И действительно, форма и все остальное – одно к одному, отдел технического шпионажа республики не дремал. Но вот эти кресла «Тюльпан» – кто знает, почему наши не украли идею, – я видел только в фильмах и в каталоге «Неккерман». Изящные, аэродинамические, какие-то космические, на одной ножке, скорее стебле, с темно-красной обивкой. Конечно, я тут же уселся в одно из них. И сразу захотелось взять со стола шоколадную конфету в блестящем фантике.

Я протянул было руку, но остановился.

– А конфеты какого времени?

– Свежие, – усмехнулся Гаустин, – из шестидесятых.

Интересно, у прошлого есть срок годности?

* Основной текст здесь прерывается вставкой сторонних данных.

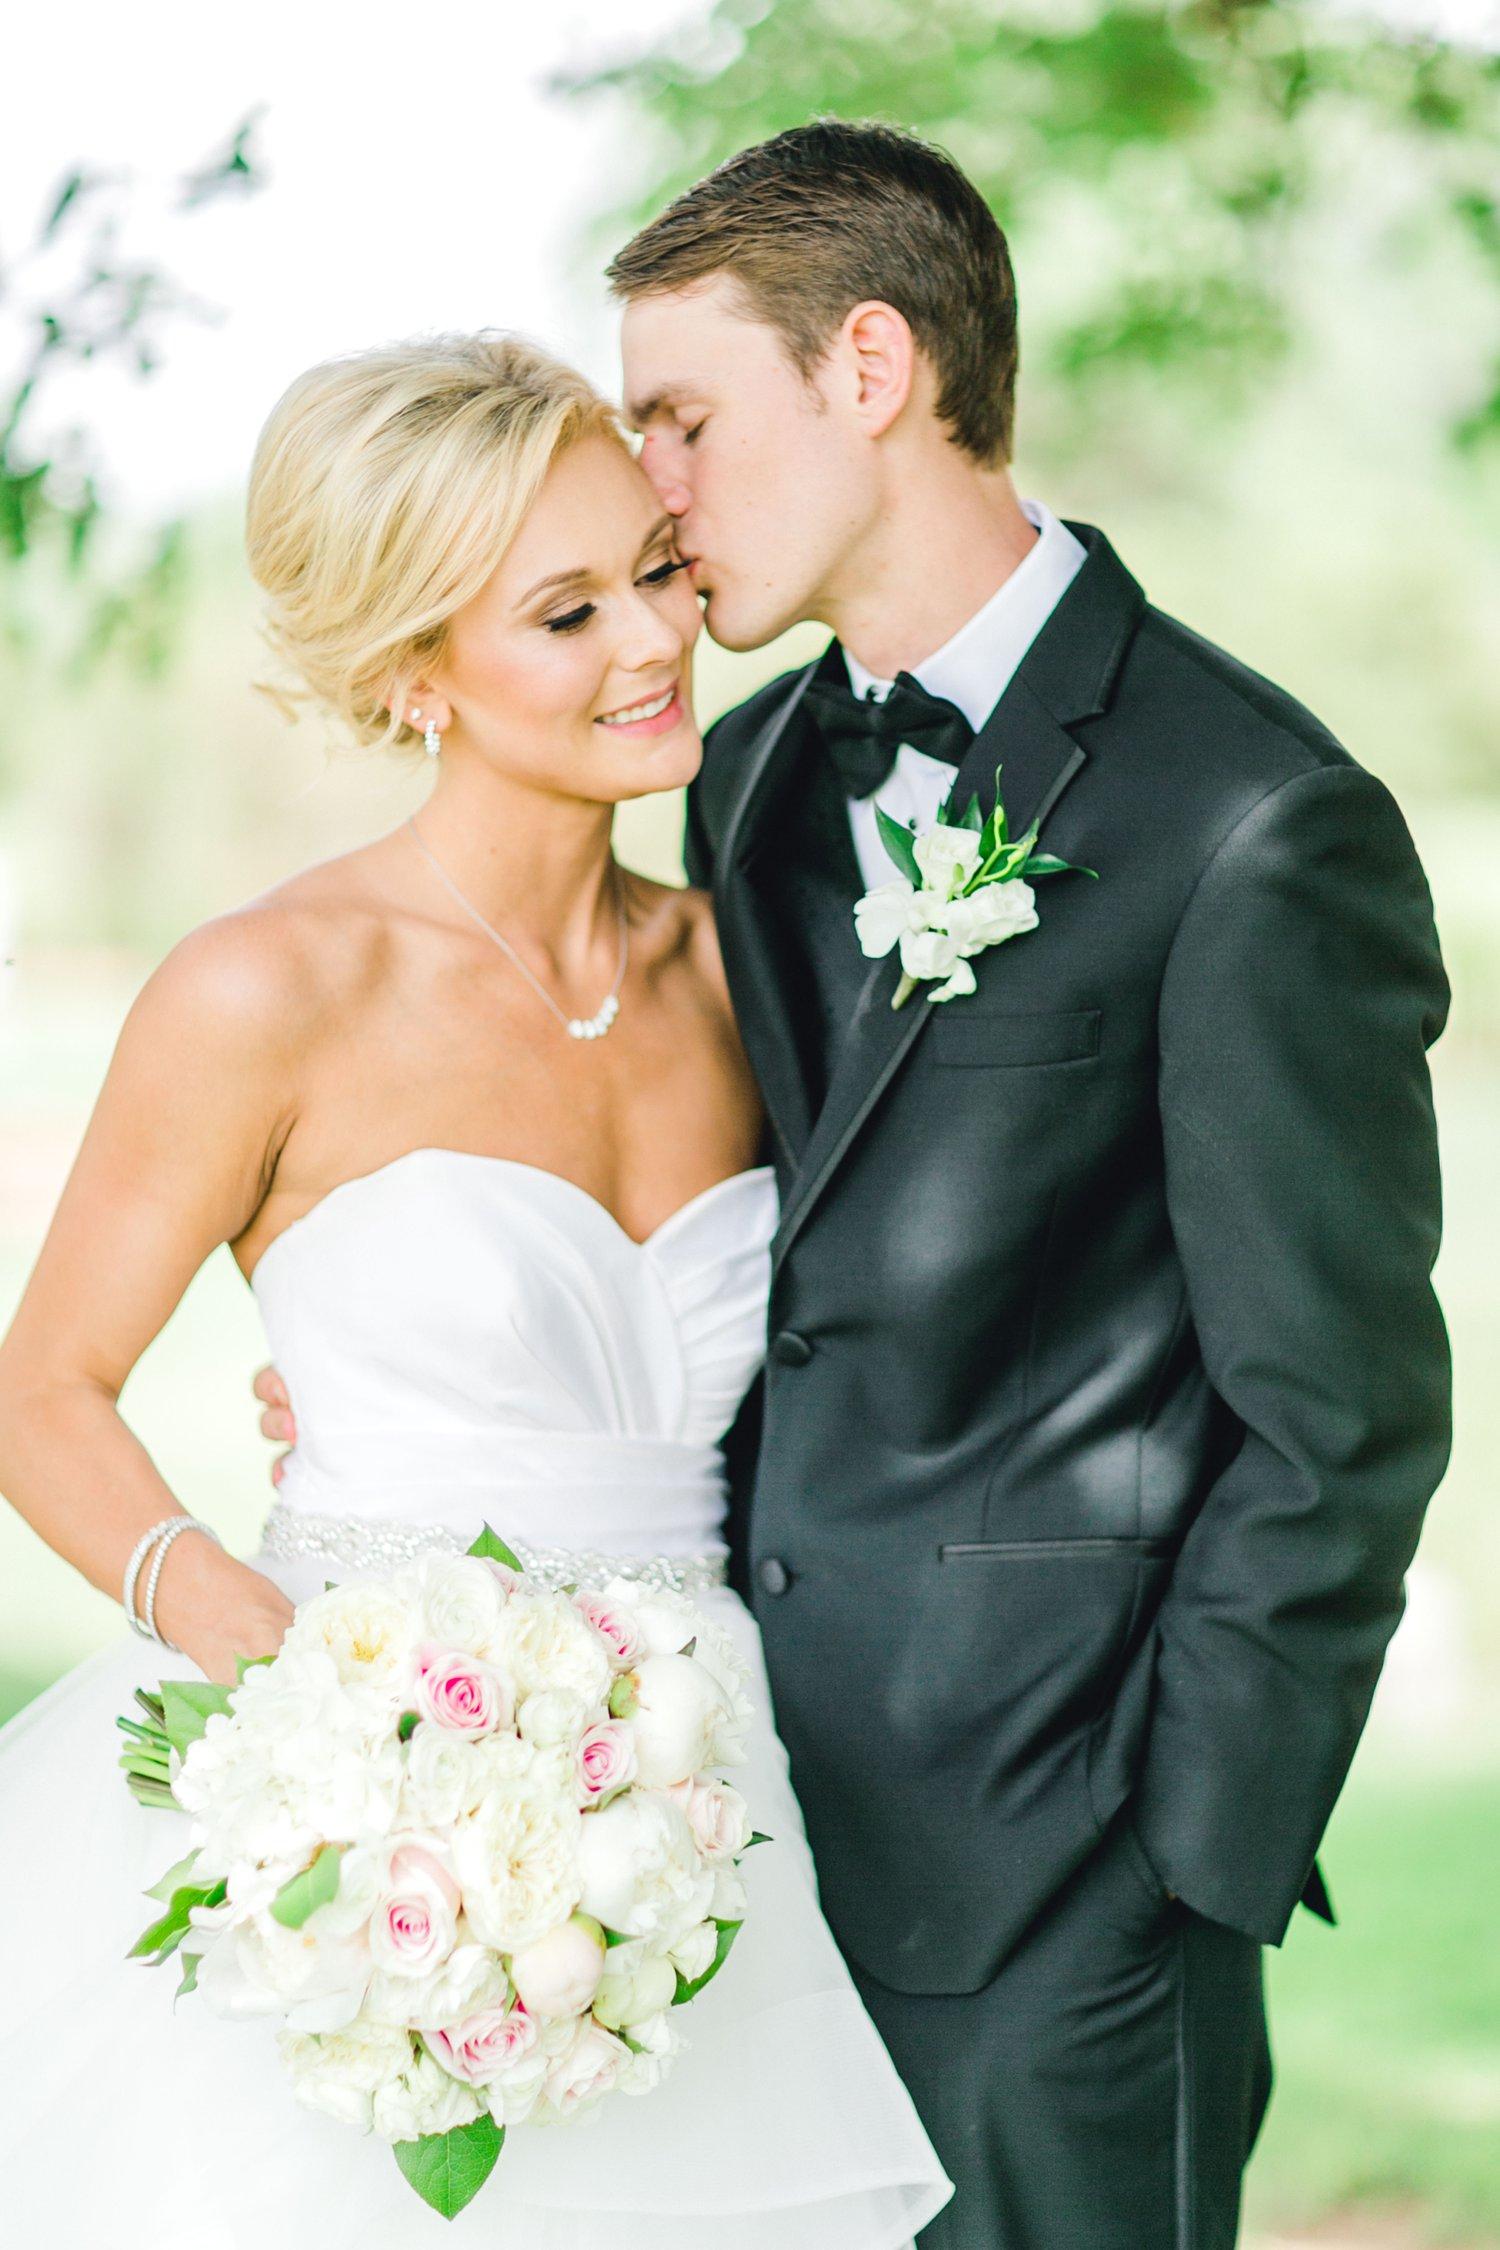 Taylor-and-Brock-Williams-Texas-Tech-University-Merket-Alumni-Center-Lubbock-Photographer-ALLEEJ0060.jpg

Гостиная была огромной. Раздвижные двери отделяли восточную часть, превращенную в нечто вроде кабинета и библиотеки. На высоком столике стояла небольшая пишущая машинка красного цвета марки «Оливетти Гермес Беби» с заправленным внутрь листом белой бумаги. Мне вдруг захотелось – я ощутил это желание пальцами – что-нибудь напечатать. Почувствовать сопротивление клавиш, услышать звоночек в конце строчки и повернуть металлический рычажок. Желание из того времени, когда все эти действия требовали физических усилий.

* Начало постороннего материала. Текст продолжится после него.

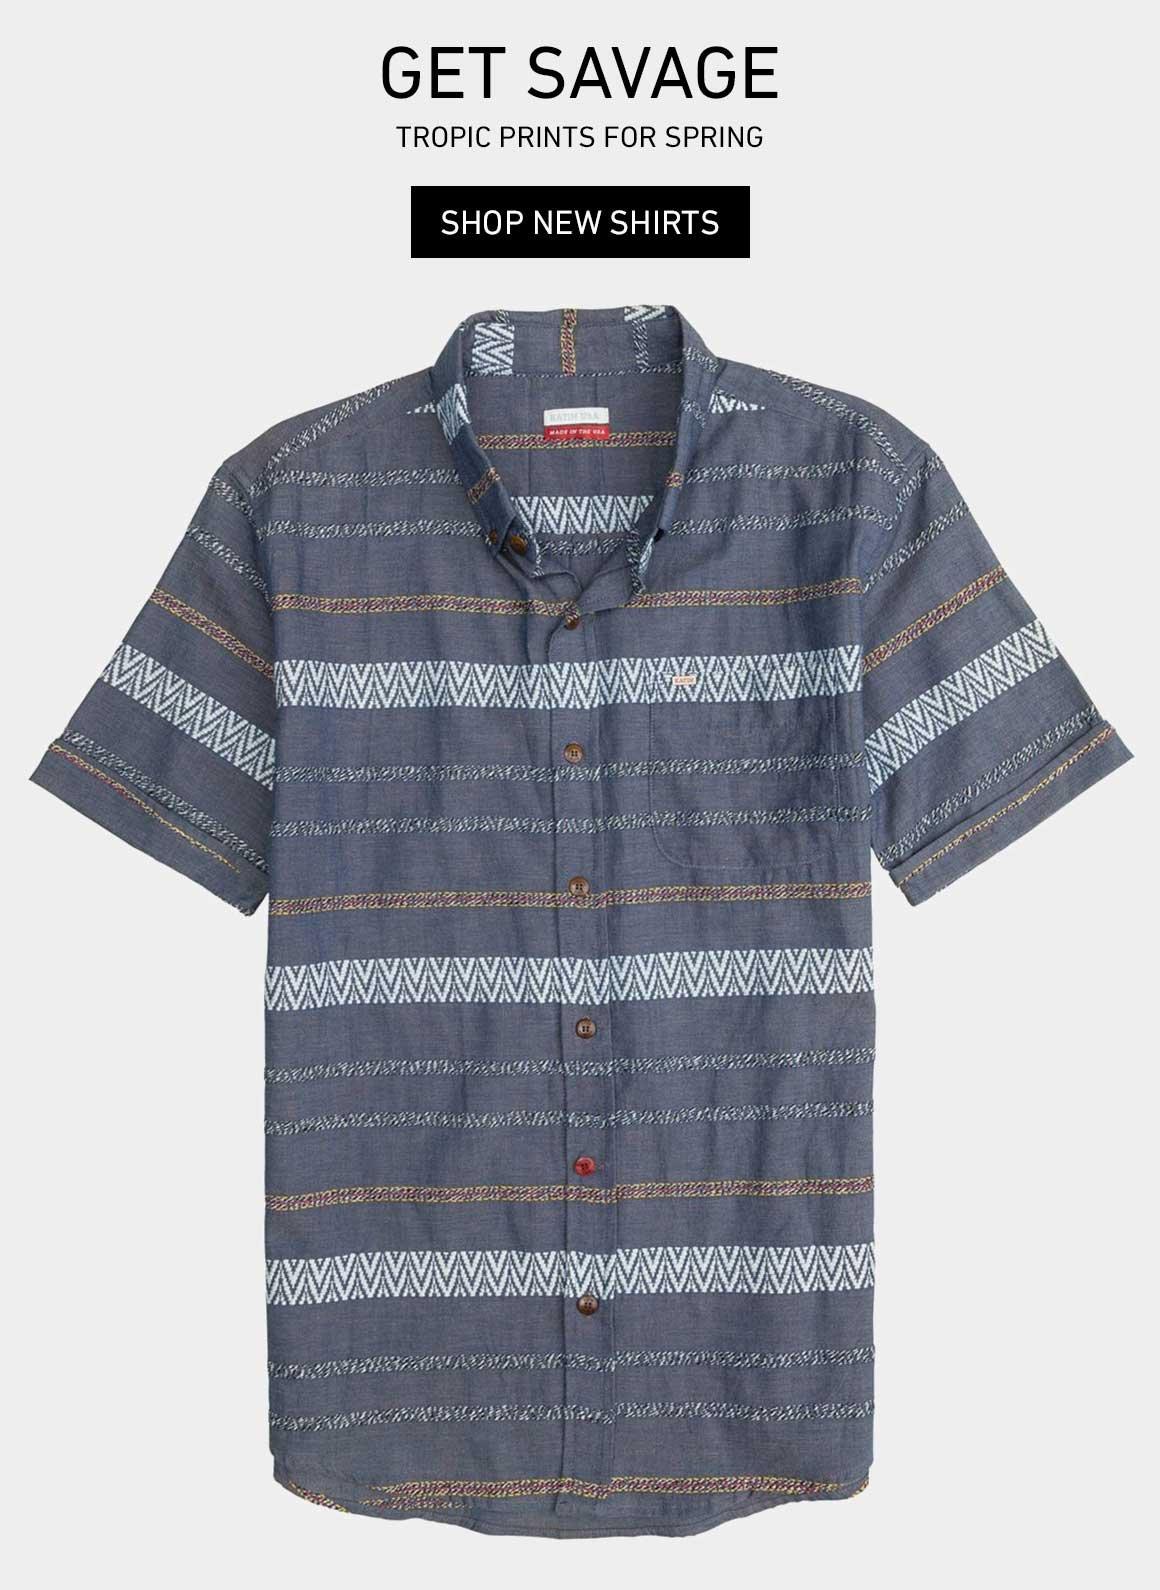 Get Savage: New Shirts

– Кабинет – моя придумка, – признался Гаустин. – Мне всегда хотелось иметь свою комнату, небольшой кабинет с книжными полками и такую пишущую машинку. Не совсем в стиле шестидесятых, тогда книги хранили повсюду, где придется: на столе, на полу… Но должен тебе признаться: пишущая машинка пользуется огромным успехом. Все умиляются, заправляют бумагу, стучат по клавишам.

– Что пишут?

– Чаще всего свое имя. Людям нравится видеть свое имя напечатанным. Разумеется, это относится к тем, кто находится в ранней фазе болезни. Другие просто бьют по клавишам.

Я вспомнил, что именно так и поступал с машинной матери, и получался какой-то особенный текст

ЖГМЦЦЦРТ №№№№ ККТРР-

ПХ ГГФПР 111111111....

ВНТГВТГВНТГГГГ777РРР_

Возможно, это был какой-то код который мы никогда не разгадаем.